··· Data for review ···

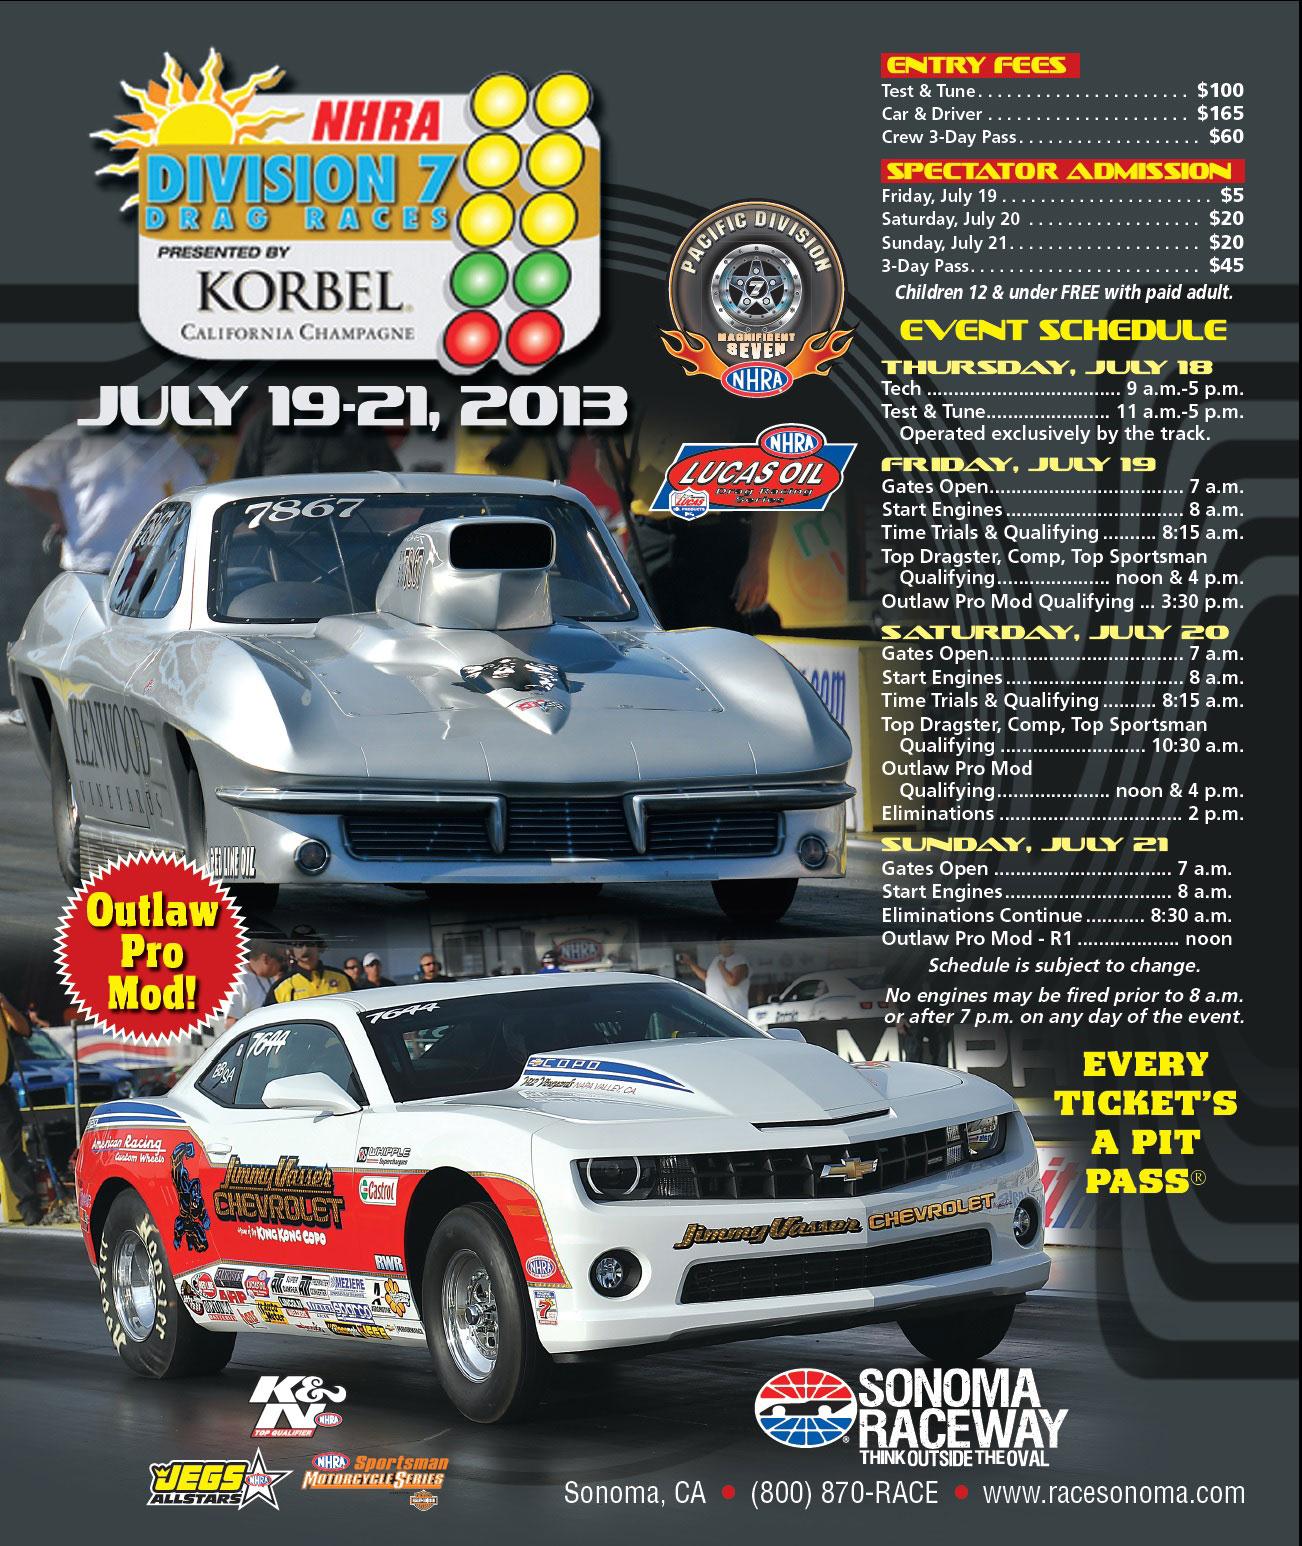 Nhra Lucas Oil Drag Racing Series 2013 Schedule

···
··· Data for review ···

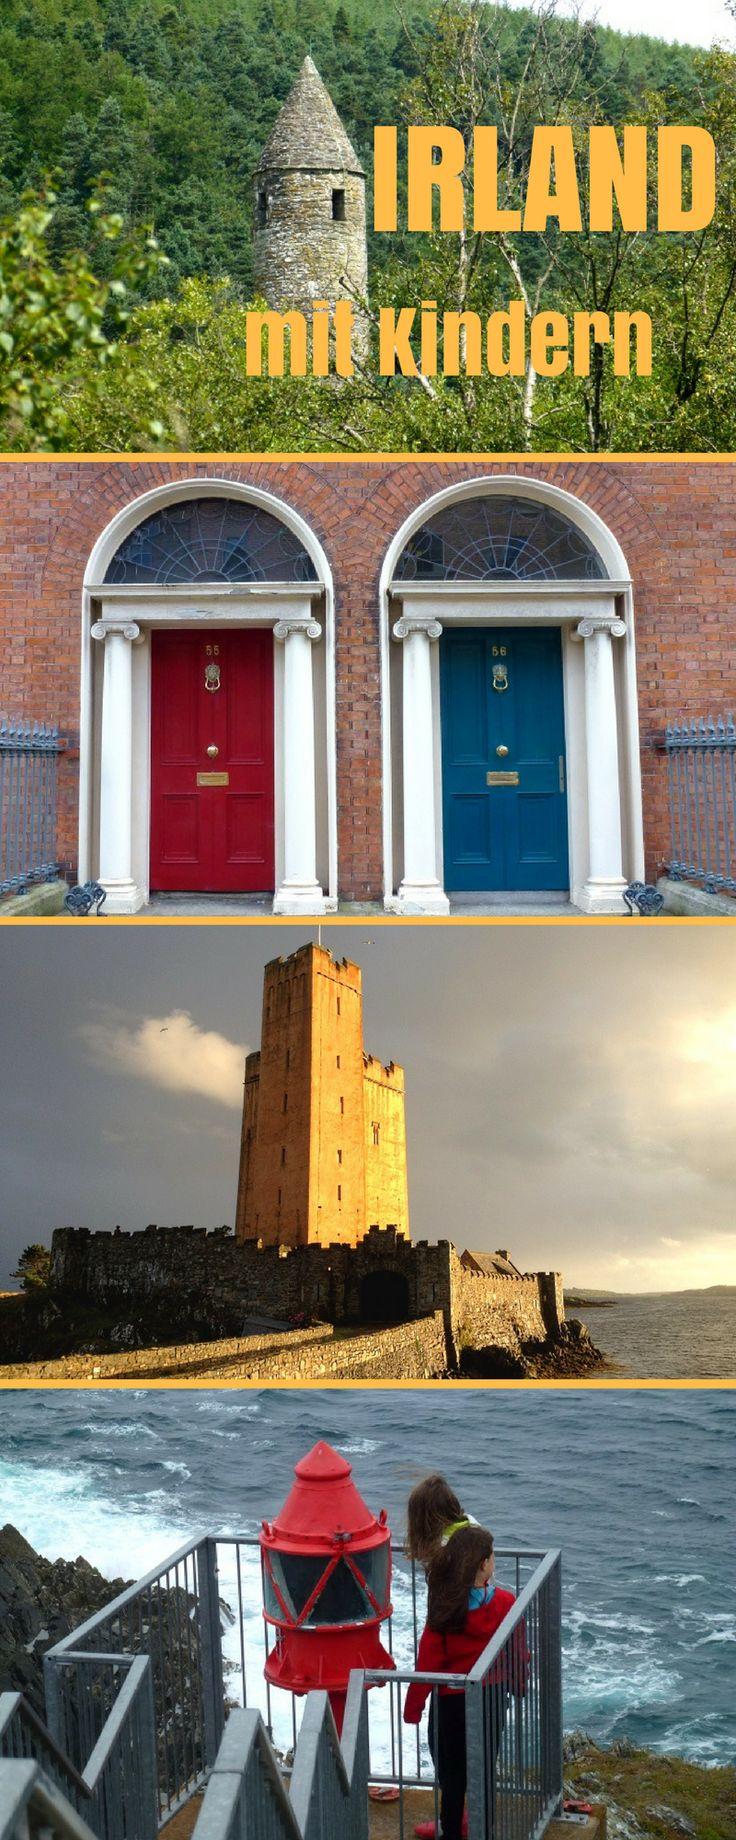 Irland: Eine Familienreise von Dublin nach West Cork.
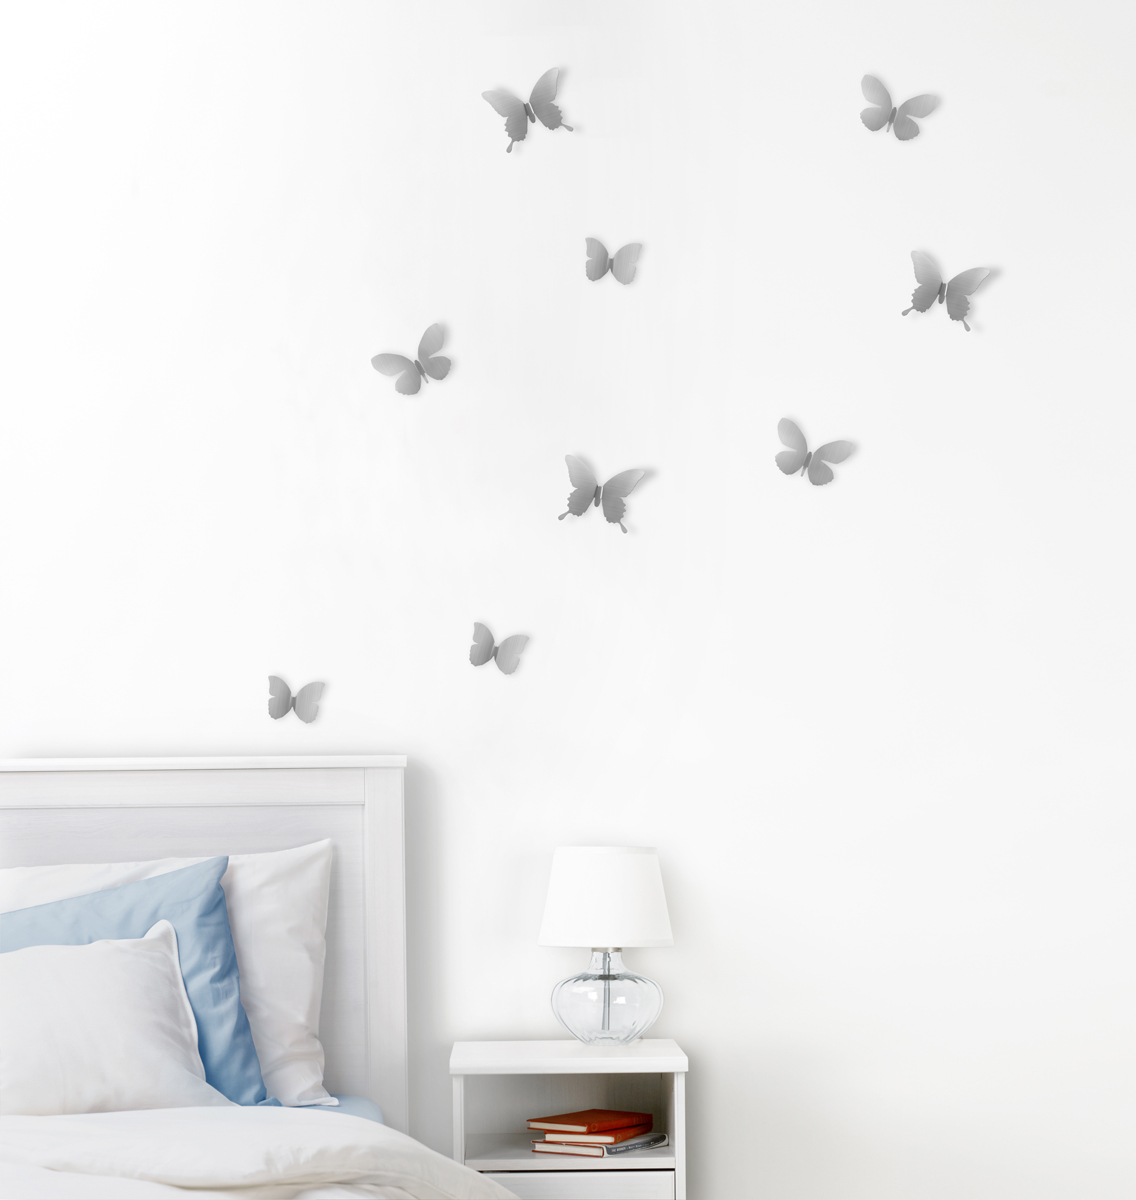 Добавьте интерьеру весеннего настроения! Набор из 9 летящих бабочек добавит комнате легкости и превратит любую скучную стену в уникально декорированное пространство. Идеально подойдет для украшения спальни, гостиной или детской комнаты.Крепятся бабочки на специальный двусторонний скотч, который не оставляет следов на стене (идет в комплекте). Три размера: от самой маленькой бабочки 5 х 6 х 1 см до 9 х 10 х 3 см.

···

### [Problem statement]
Drop the pictures; return the lines above from the line containing "Irland: Eine Familienreise" to the line containing "Добавьте интерьеру весеннего", both included, exactly.

### [Exercise output]
 Irland: Eine Familienreise von Dublin nach West Cork.
 Добавьте интерьеру весеннего настроения! Набор из 9 летящих бабочек добавит комнате легкости и превратит любую скучную стену в уникально декорированное пространство. Идеально подойдет для украшения спальни, гостиной или детской комнаты.Крепятся бабочки на специальный двусторонний скотч, который не оставляет следов на стене (идет в комплекте). Три размера: от самой маленькой бабочки 5 х 6 х 1 см до 9 х 10 х 3 см.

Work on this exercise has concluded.